----- THE DATA

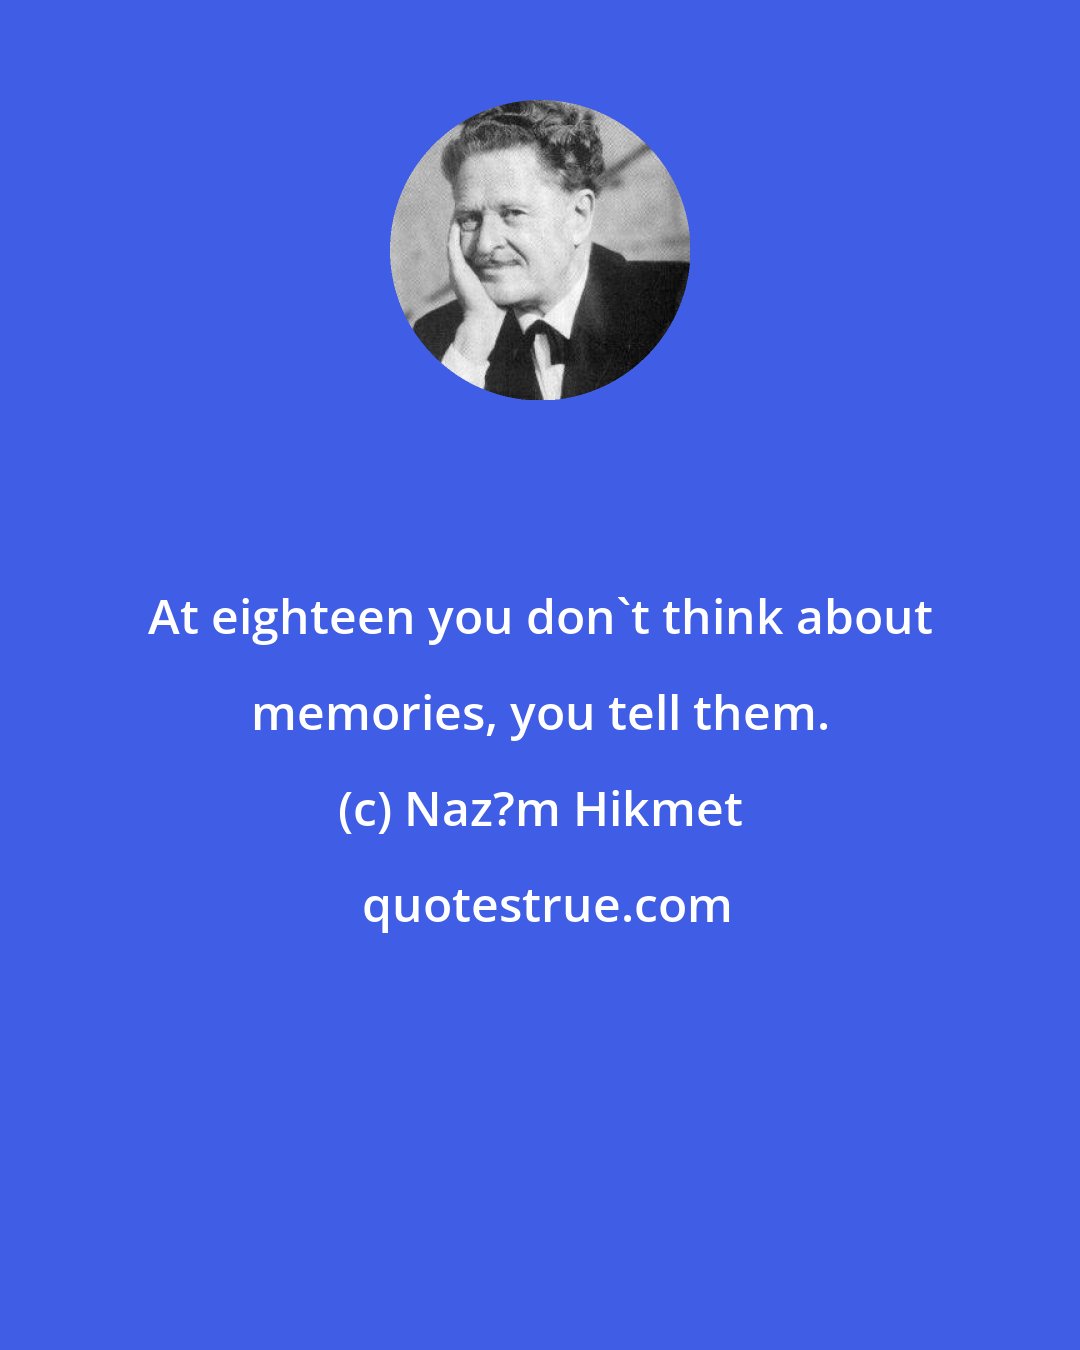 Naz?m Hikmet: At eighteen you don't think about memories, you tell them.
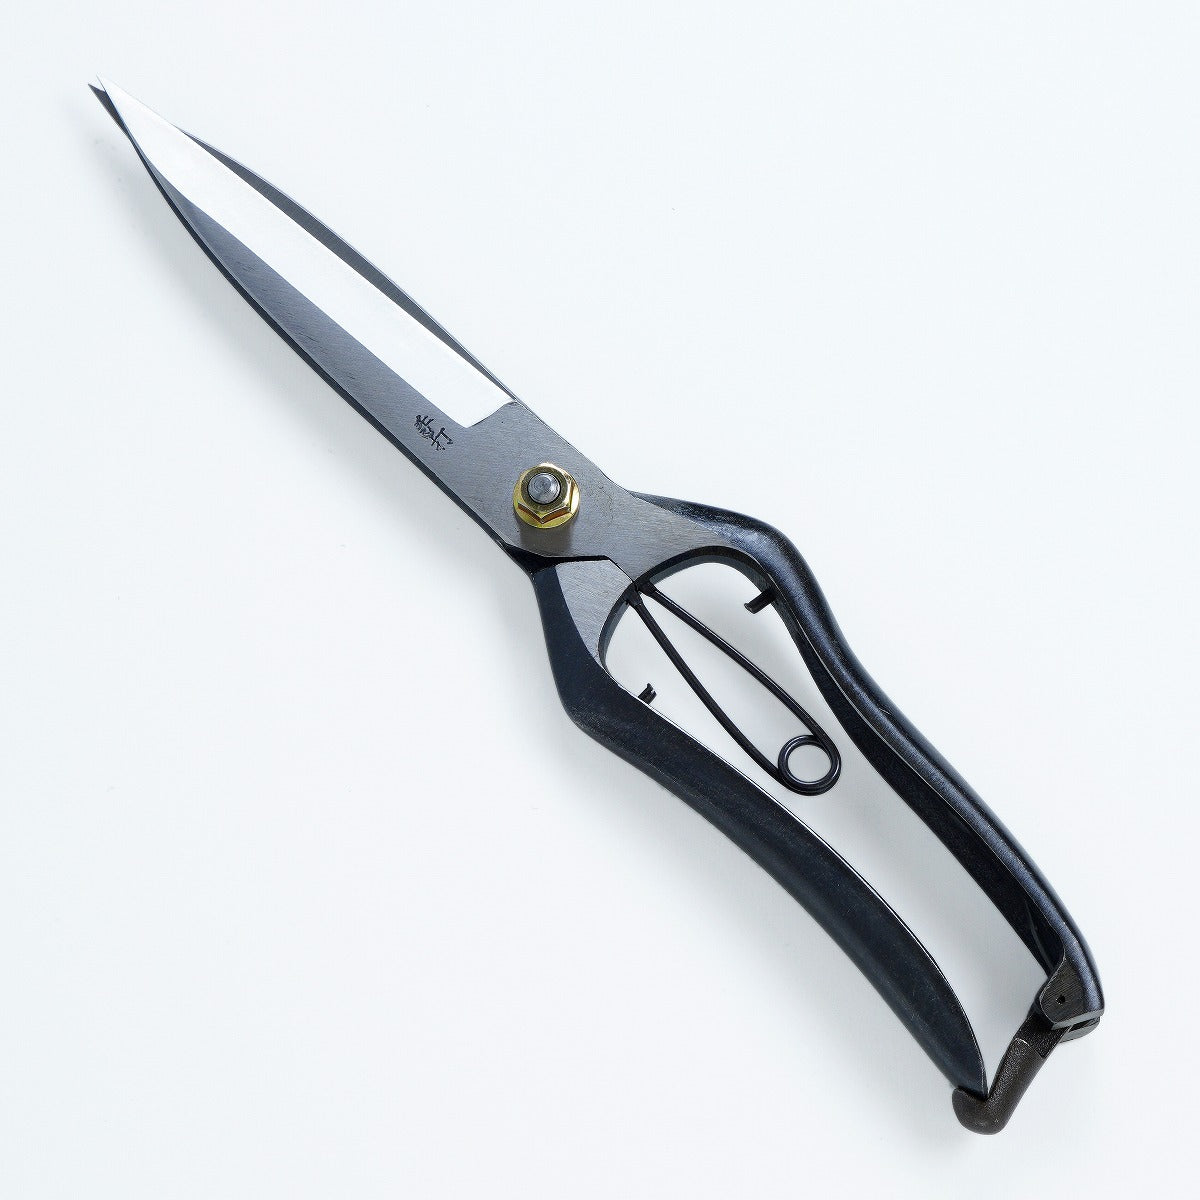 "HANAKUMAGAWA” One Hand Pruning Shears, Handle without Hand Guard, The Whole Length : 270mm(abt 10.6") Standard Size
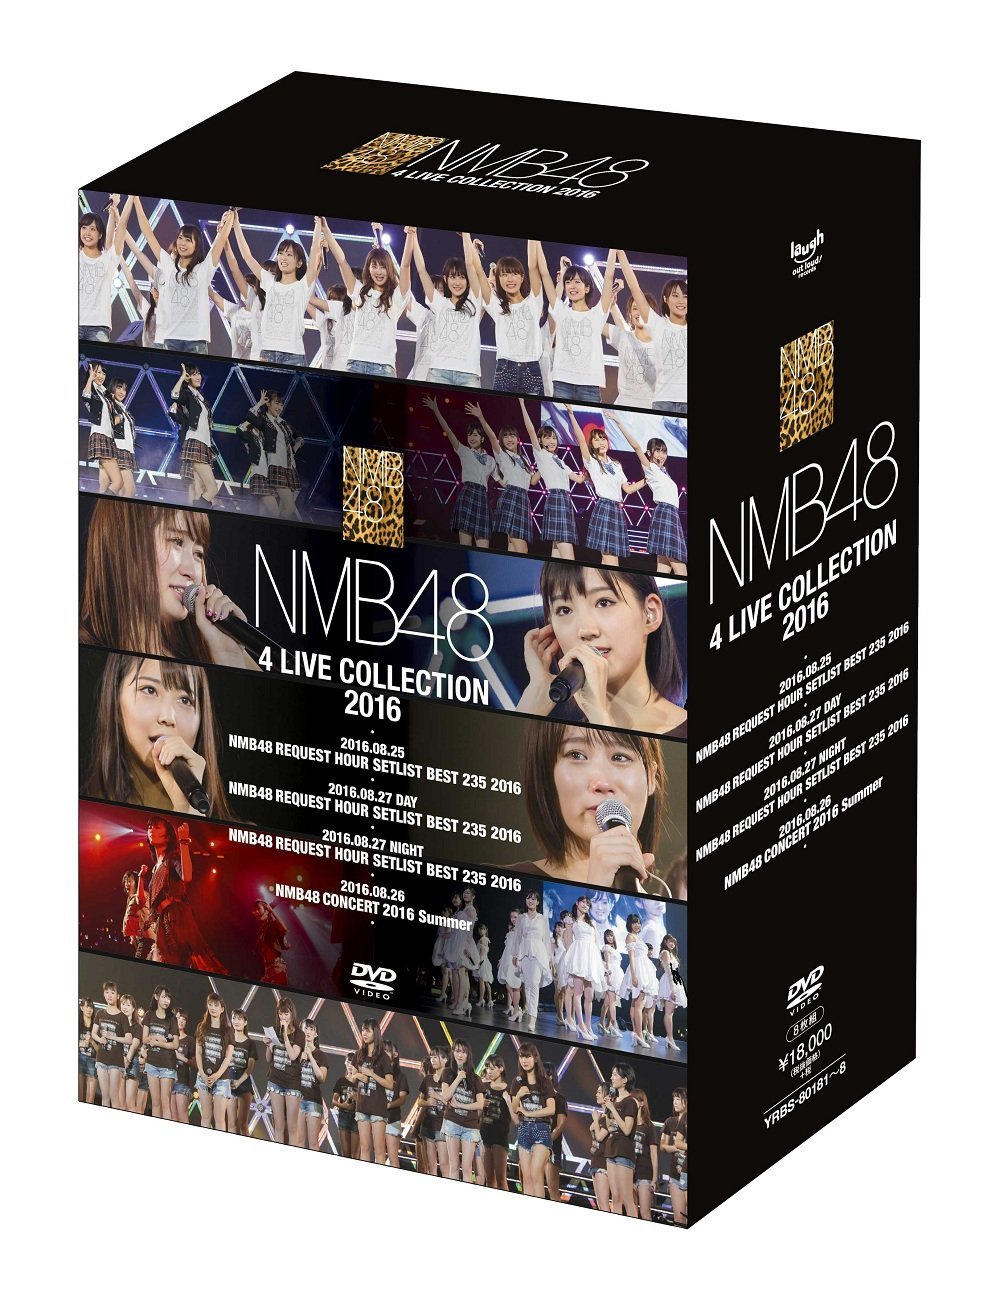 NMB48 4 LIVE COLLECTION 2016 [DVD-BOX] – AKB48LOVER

----------
----- THE DATA

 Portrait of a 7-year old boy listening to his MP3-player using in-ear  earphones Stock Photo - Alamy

----------
----- THE DATA

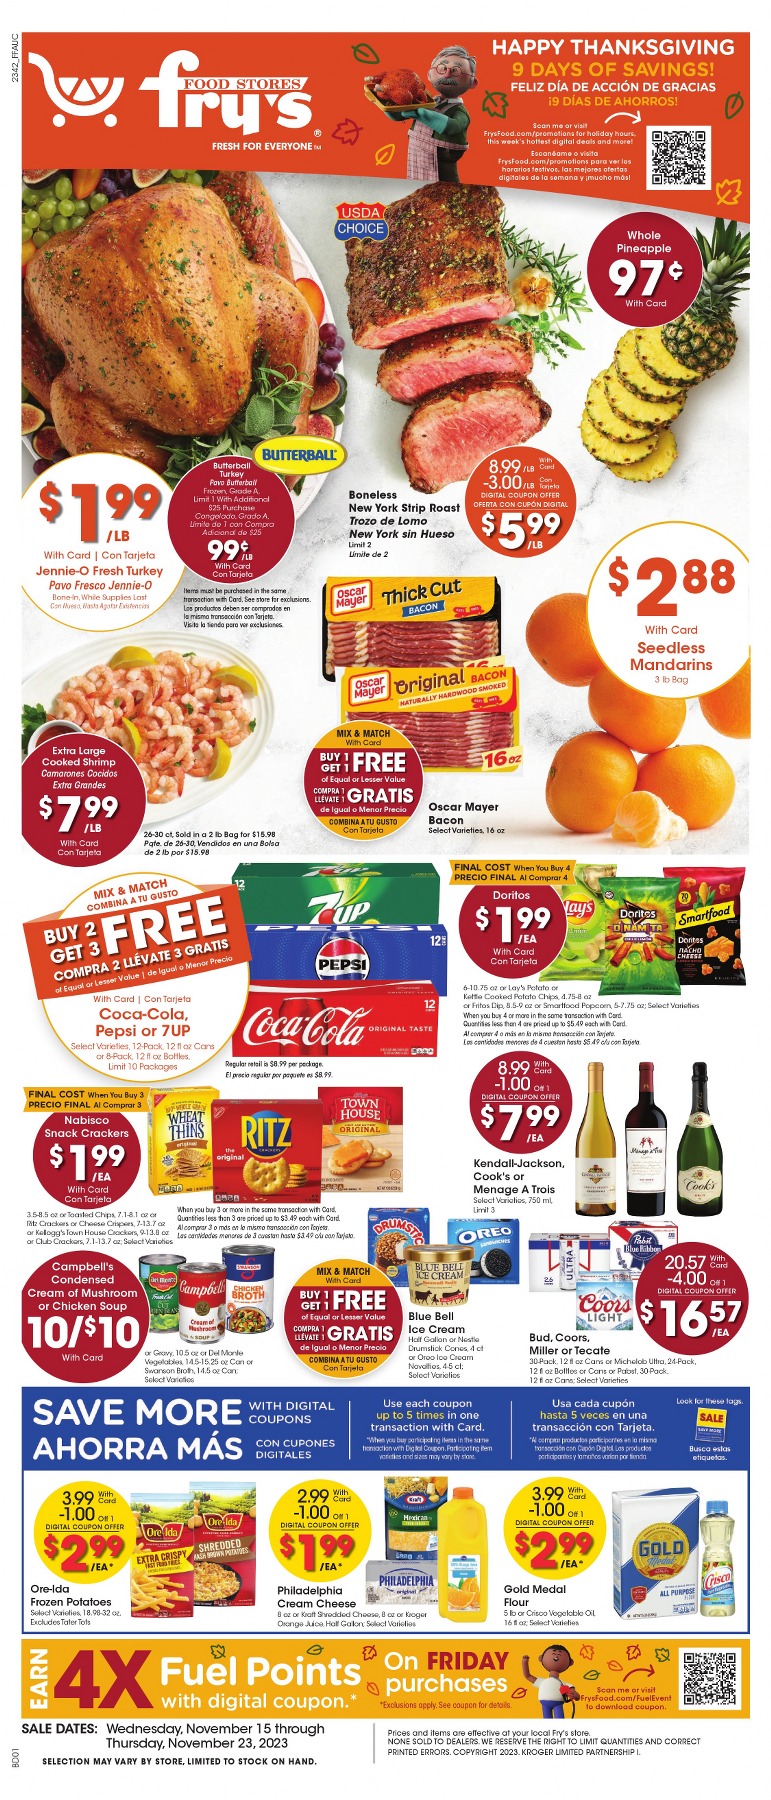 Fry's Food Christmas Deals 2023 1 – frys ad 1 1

----------

▸ WHAT IS EXPECTED
Would you copy out, exactly and with no pictures, only the lines above from the one that contains "One Hand Pruning" through the one that contains "NMB48 4 LIVE"?

▸ ANSWER TO THIS TASK
 "HANAKUMAGAWA” One Hand Pruning Shears, Handle without Hand Guard, The Whole Length : 270mm(abt 10.6") Standard Size
 NMB48 4 LIVE COLLECTION 2016 [DVD-BOX] – AKB48LOVER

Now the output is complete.